START GIVEN INFORMATION

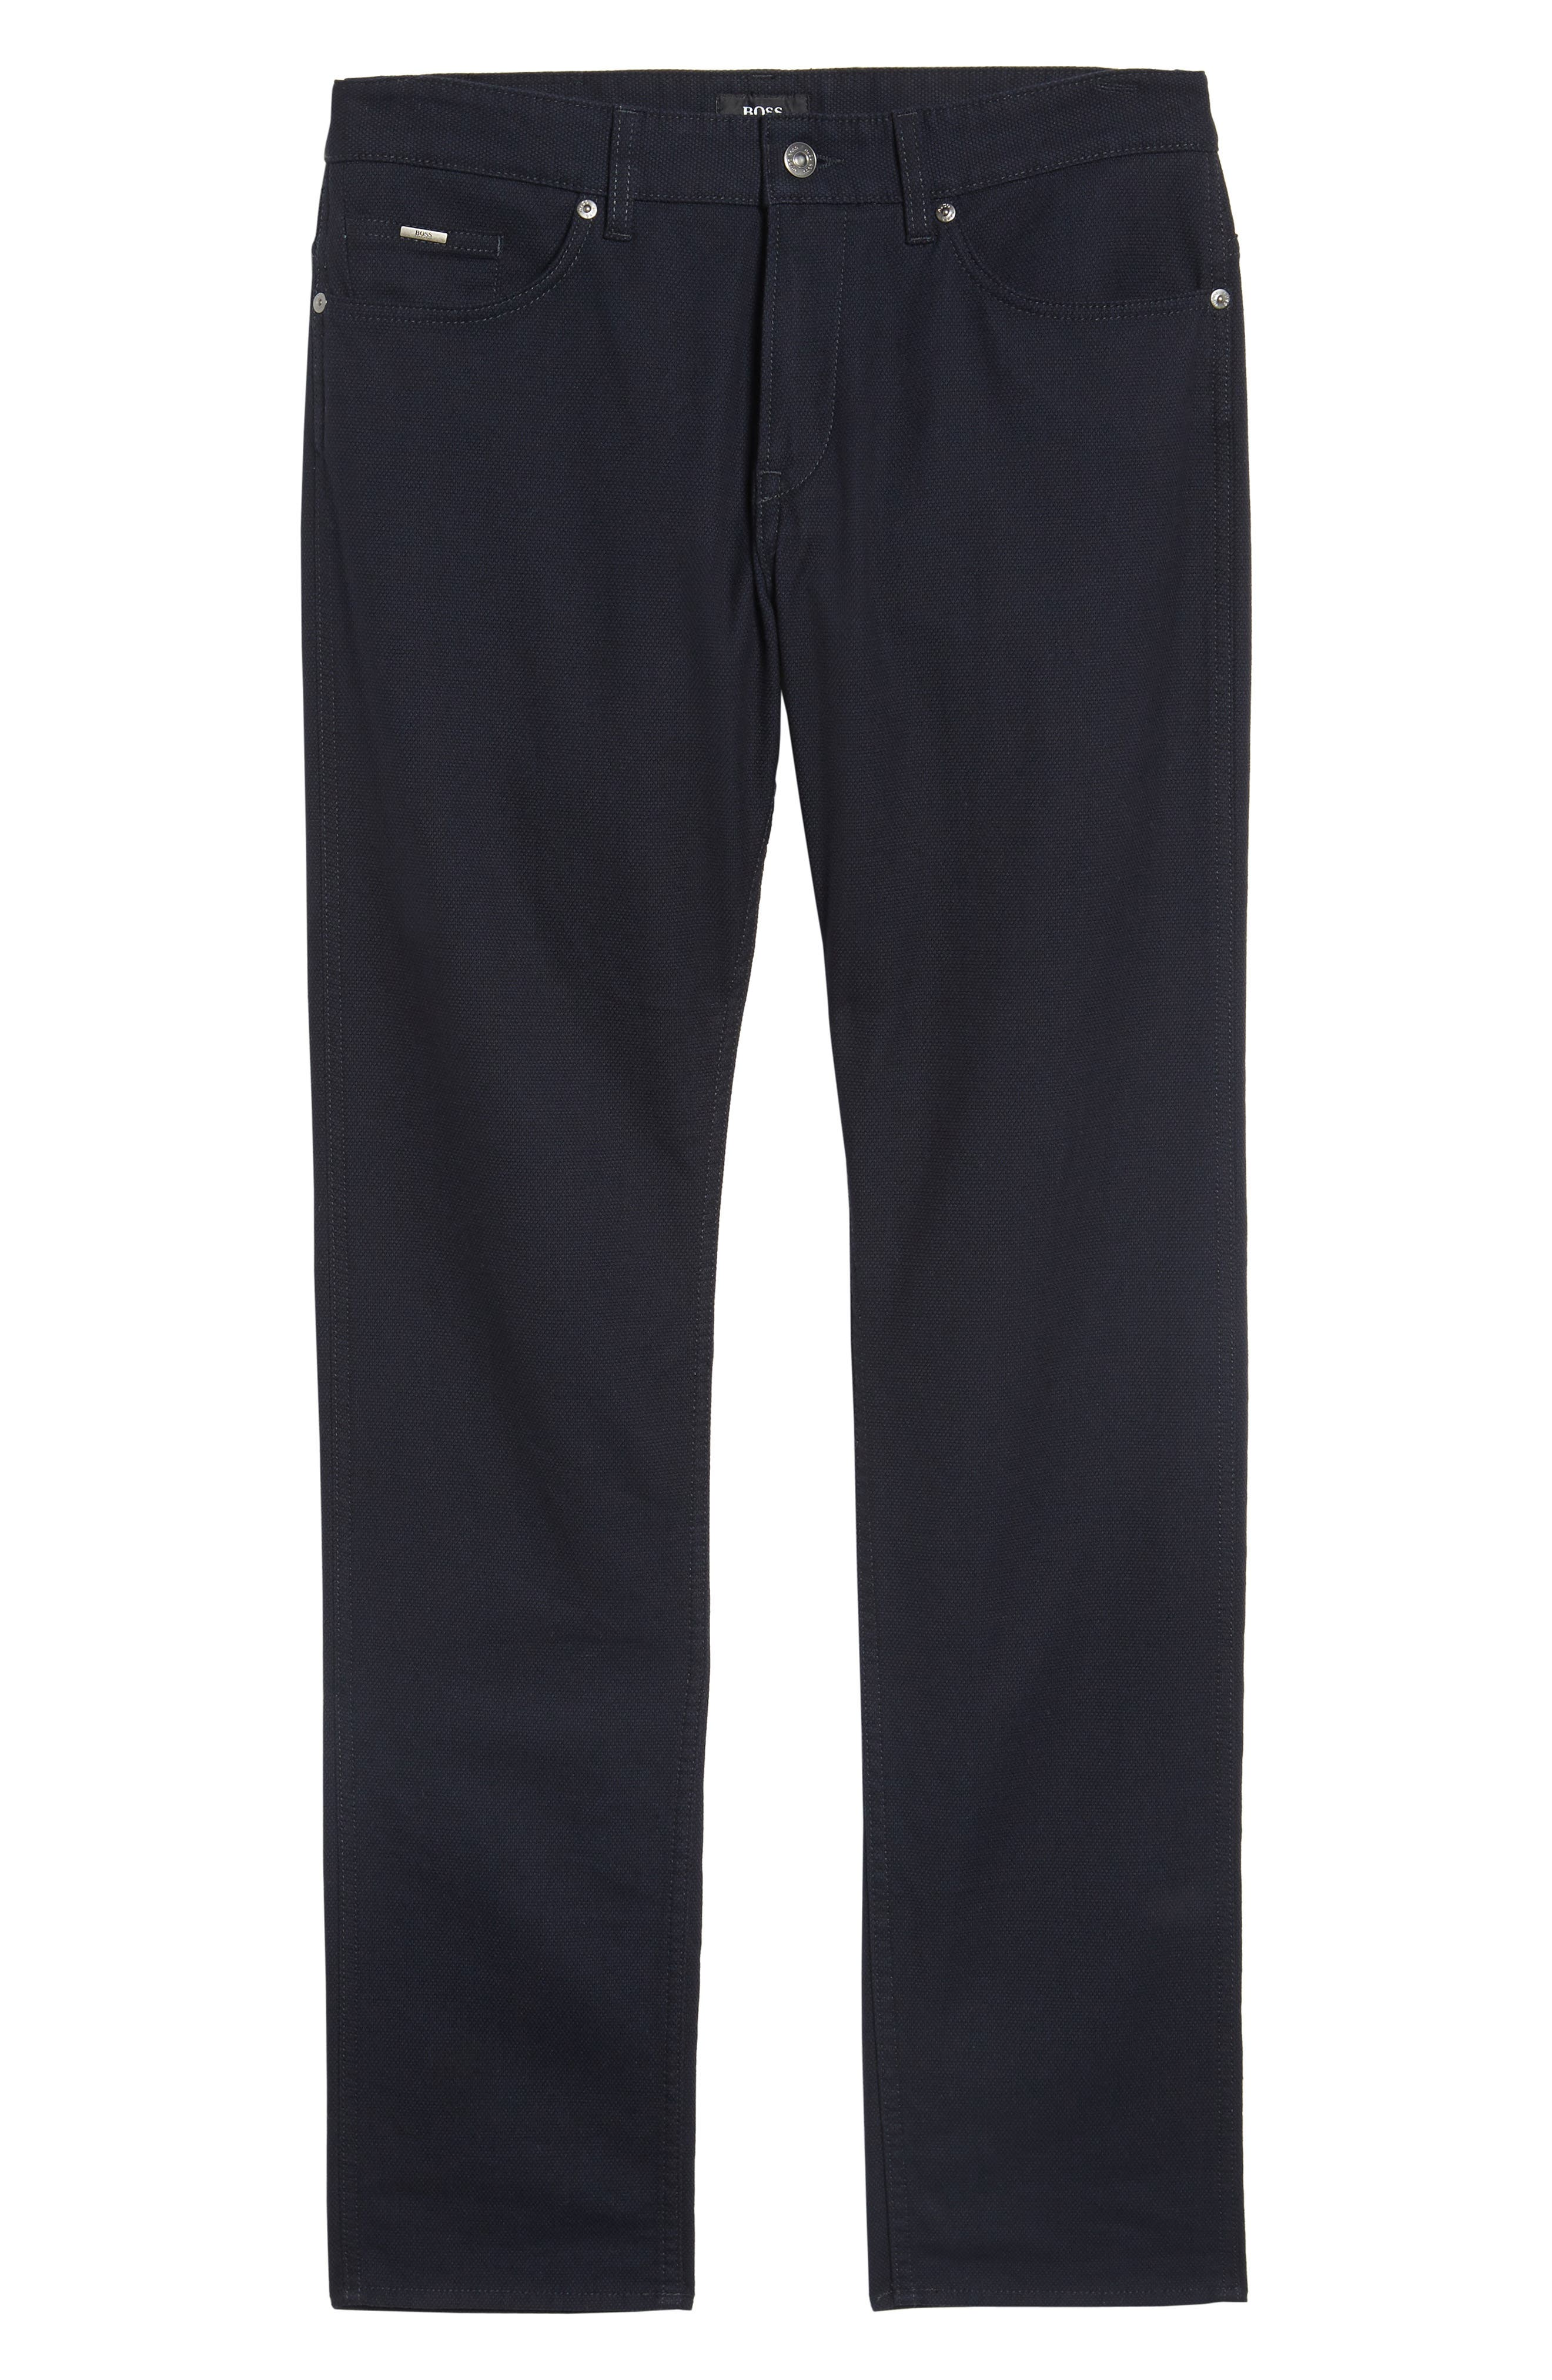 Delaware Slim Microtexture Five Pocket Pants,                             Alternate thumbnail 6, color,                             410
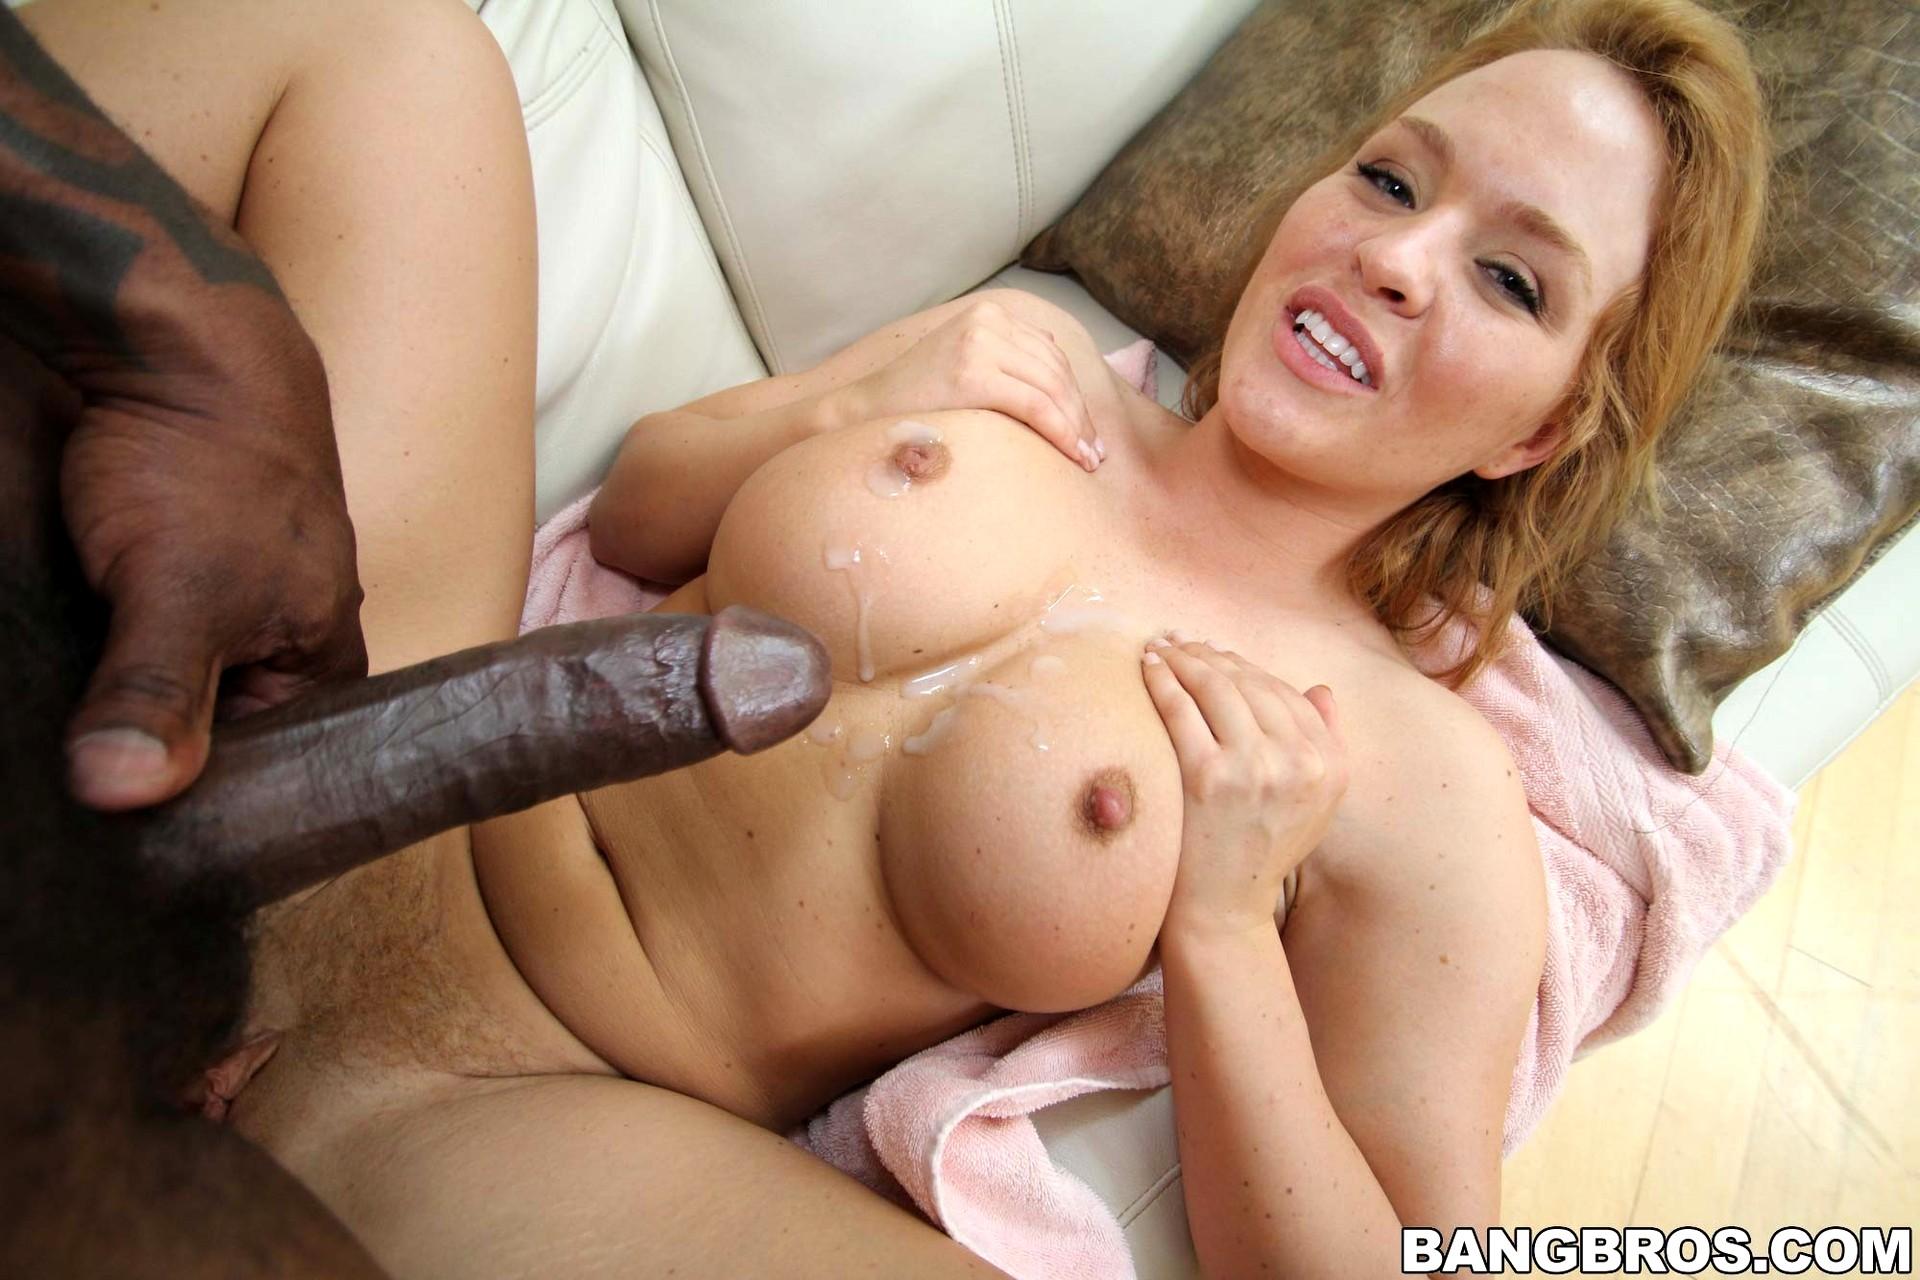 Big Cock Black Blonde Milf And Sucks Hot Fucks Something Is
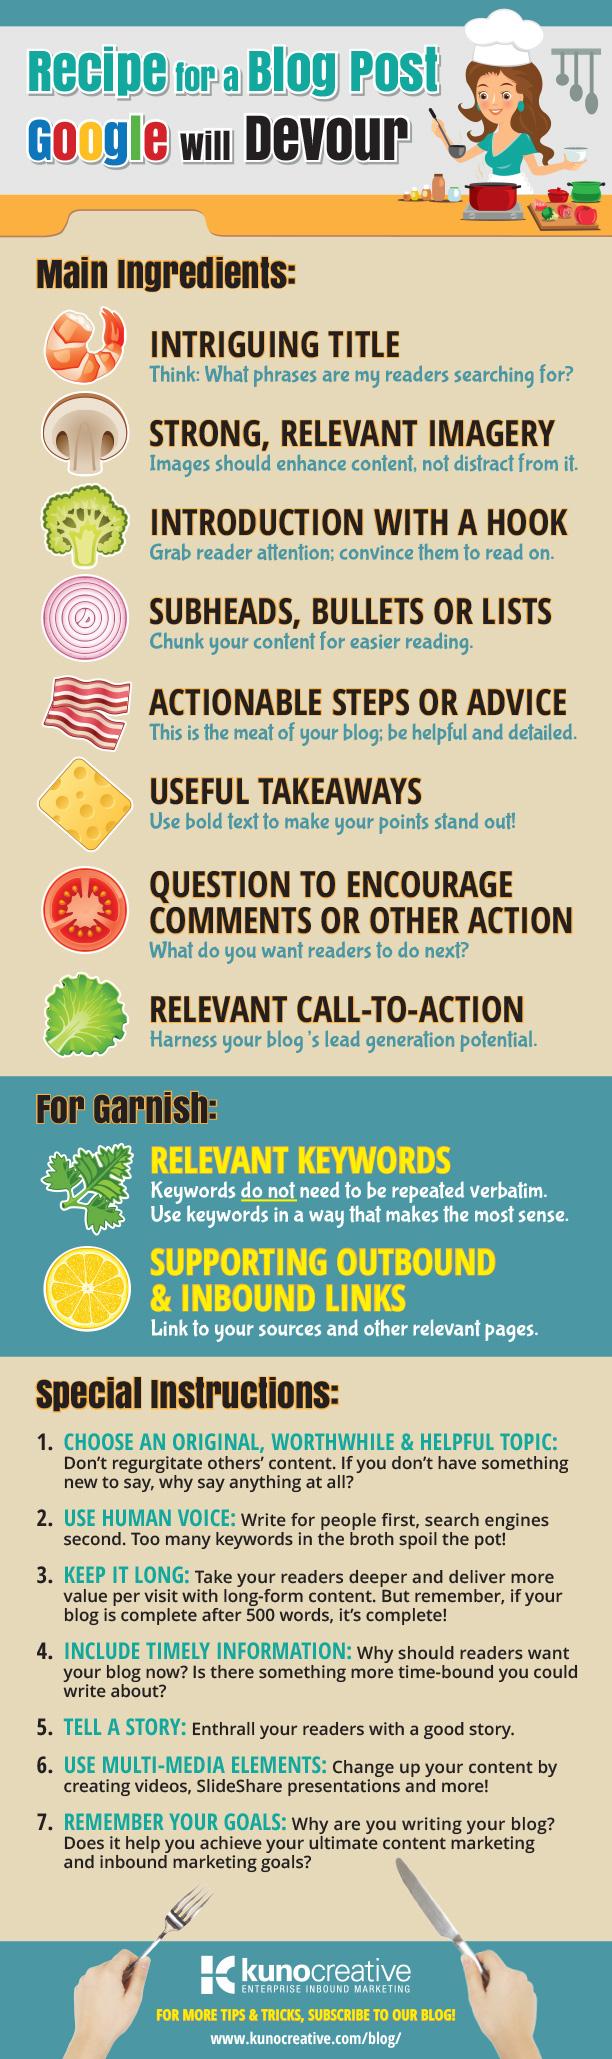 blog recipe kuno creative infographic

END GIVEN INFORMATION

After locating the line that contains "Big Cock Black", output it and all later lines through the end of the material exactly, leaving out pictures.

- _ANSWER SECTION_:
 Big Cock Black Blonde Milf And Sucks Hot Fucks Something Is
 blog recipe kuno creative infographic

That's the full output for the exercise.